Da qualche giorno mi sto interrogando sulla natura di questo mio blog.

Oramai ha raggiunto la ragguardevole età di 18 mesi, un anno e mezzo.

Ricordo bene quando e perché nacque, in un momento di tempesta che fu foriera di catastrofico epilogo. Ne ho parlato a lungo.

Ma oggi? Cos’è il mio blog, questo blog a cui sono tanto affezionato?

E’ evidente che non è un luogo virtuale dove si scambiano opinioni o si condividono idee.

Non è neppure un sito sul quale si pubblicano documenti “artistici” quali racconti, fotografie, poesie, ecc..

E infine non è un diario ordinato sul quale sono riportati gli eventi che si susseguono nella mia vita.

E allora cos’è?

L’idea che mi sono fatto è che esso sia un viaggio, un viaggio molto particolare certo, ma pur sempre un viaggio.

O forse sarebbe più corretto definirlo una traversata.

In effetti assomiglia molto a una traversata, magari di qualcosa che potrebbe accostarsi a un oceano.

Dell’oceano ritrovo i momenti di mare calmo oppure i momenti di bonaccia nei quali nessun vento, neanche una piccolissima brezza, sospinge le vele.

Poi d’un tratto, senza alcun preavviso, giunge la tempesta. Violenta, fredda, spietata, che, agitando le acque e sferzando le vele le riduce in brandelli, e mette a serio rischio il prosieguo della navigazione.

A volte infuria per giorni o per settimane, tanto violenta quanto invisibile, poi improvvisamente, così come arriva, scompare, o meglio, si ritrae, si nasconde in agguato, pronta a ritornare più forte e più intensa.

Spesso, dopo una di queste tempeste, si vede volteggiare in alto un gabbiano.

Mi sorride.

Tanti prima di me hanno dovuto traversare quest’oceano, tanti dovranno farlo ancora.

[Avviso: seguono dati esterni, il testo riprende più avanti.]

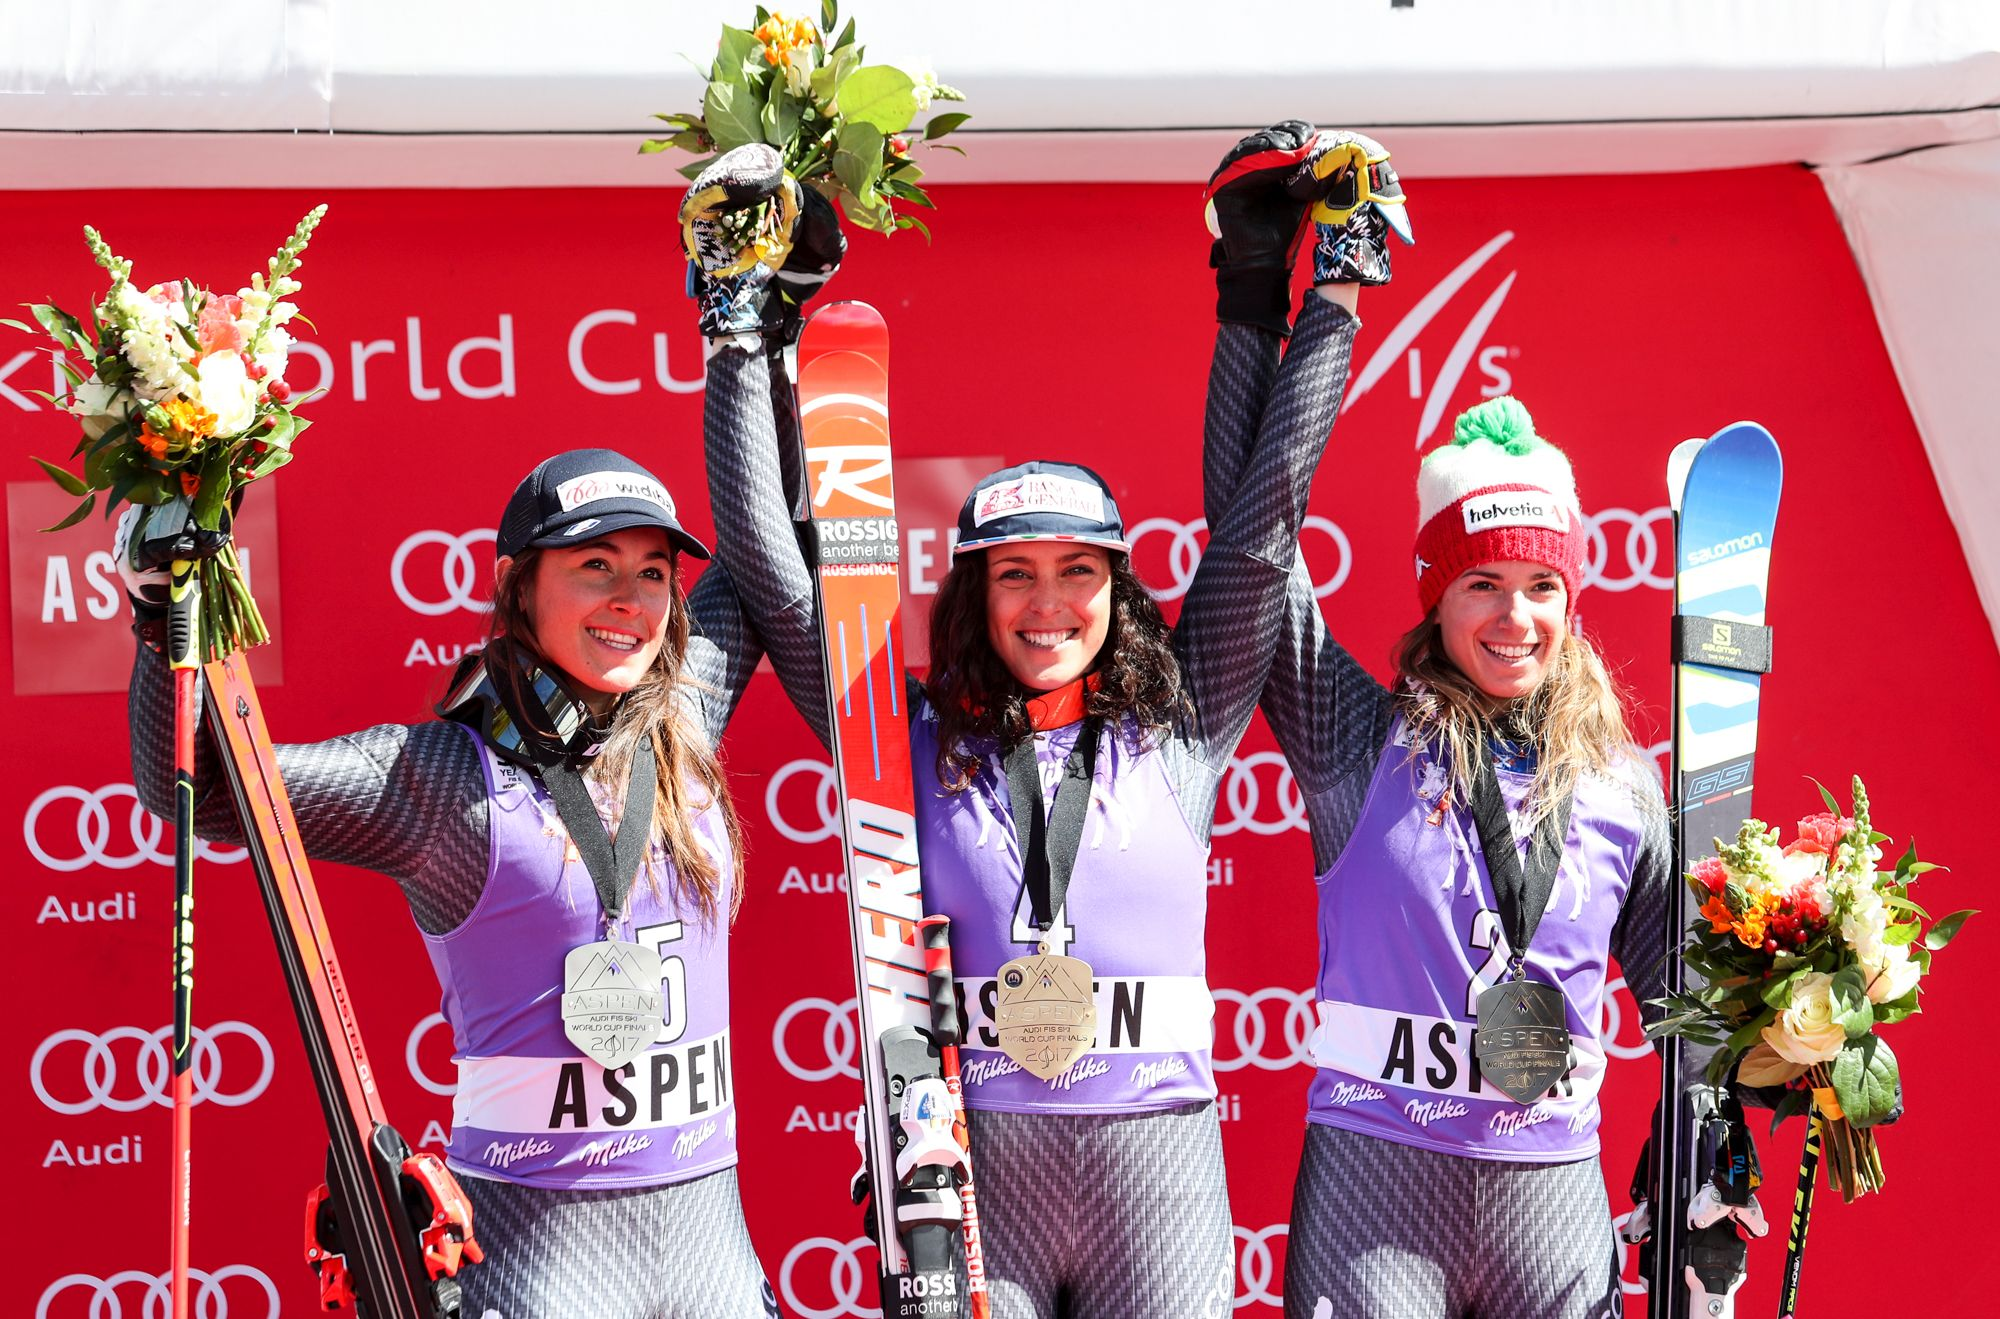 La Guida - È festa azzurra nell'ultimo gigante di Coppa del mondo ad Aspen

Per fortuna, di tanto in tanto, si trova qualche approdo al quale si ci può rifocillare, riscaldare, asciugare, riparare i danni portati dalle tempeste.

Purtroppo non si può rimanere a lungo al riparo.

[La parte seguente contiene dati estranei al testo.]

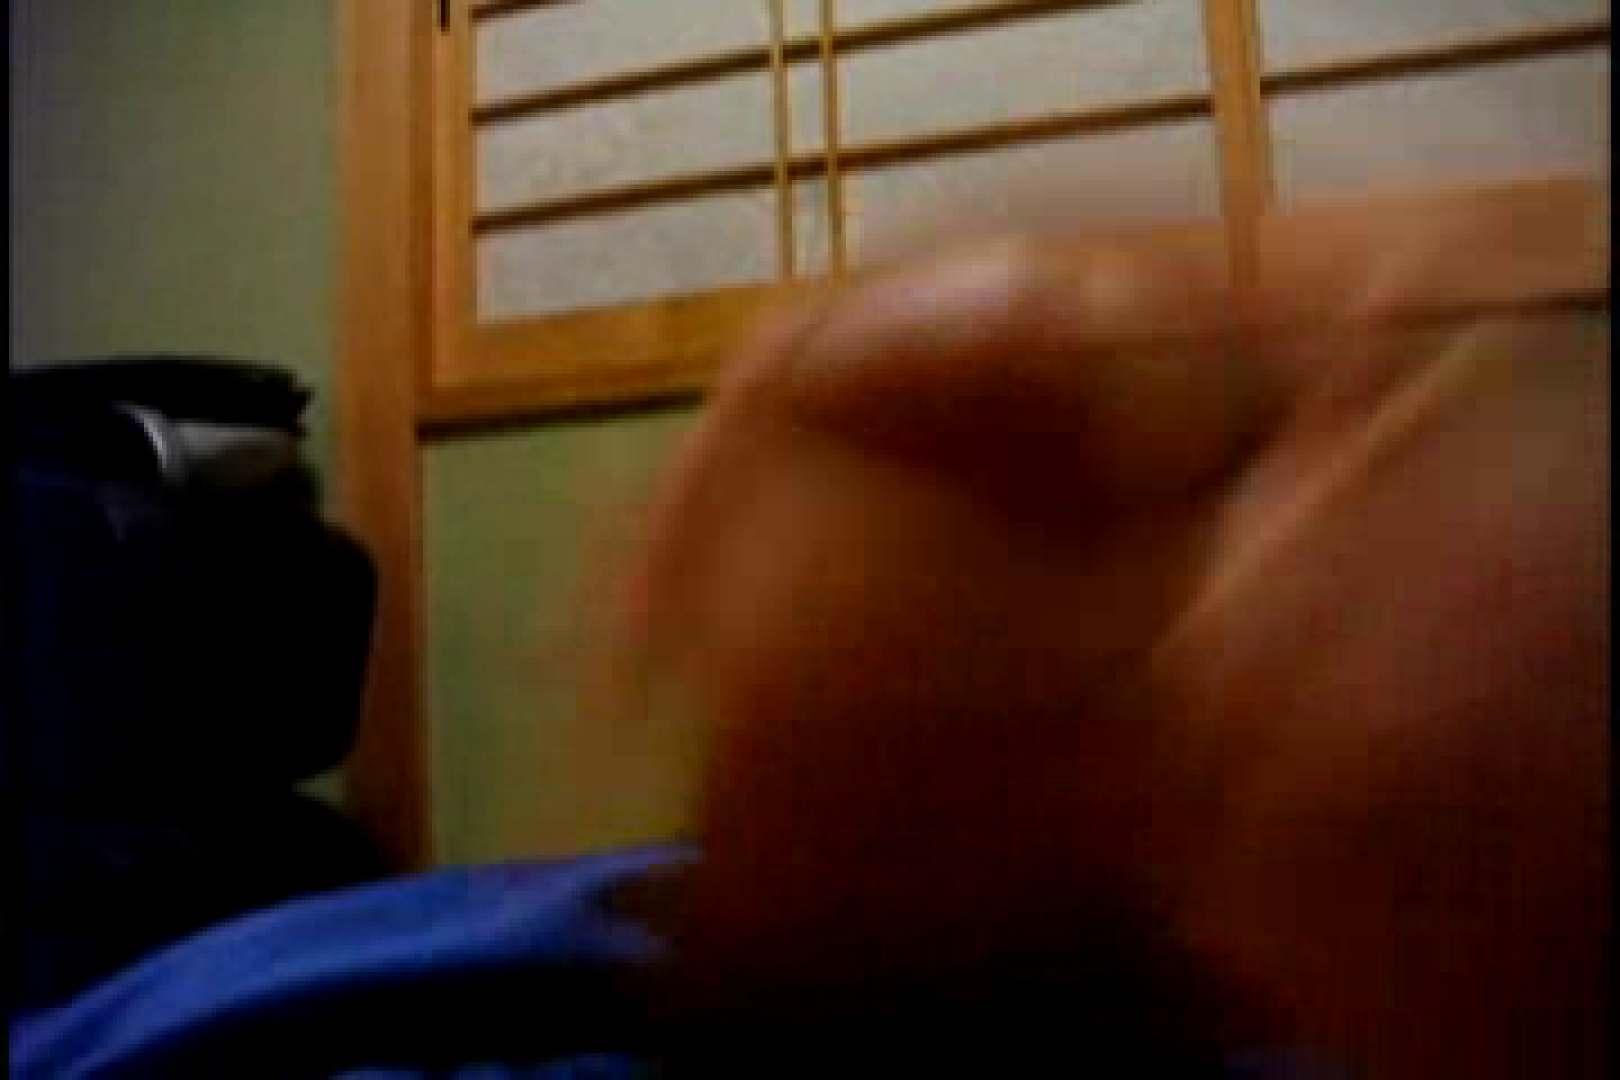 オナ好きノンケテニス部員の自画撮り投稿vol.02 流出特集 ゲイ丸見え画像 77枚 48

Bisogna riprendere il mare per andare avanti.

Altre volte si incontrano, tra le onde, dei relitti, miseri resti di traversate fallite oppure può capitare di trovare dei superstiti di qualche naufragio.

Sono molto provati, ridotti allo stremo delle forze, pronti per annegare.

Si ci aiuta quando e come si può. Poi, arrivati al prossimo porto, ognuno per la sua strada. Non si può condividere “la Traversata” senza correre pericoli sempre maggiori.

Nelle notti serene, nelle quali le stelle fanno buona compagnia con la loro tenue e delicata luce, i pensieri si decantano, le idee trovano il loro posto naturale, dopo che per giorni e giorni sono state sballottate a destra e a manca. E dopo che si sono riordinate prendono di nuovo forma e consistenza, i pensieri si riorganizzano e prendono il posto delle emozioni che hanno occupato tutto lo spazio durante le tempeste.

Credo che questa sera sia una di queste, calma e serena dopo giorni, anzi settimane, di inarrestabile uragano.

Provato dalla stanchezza, deluso dalla privazione.

Ma sufficientemente lucido per interrogarmi, ancora una volta, su quale sia la vera meta di questo viaggio.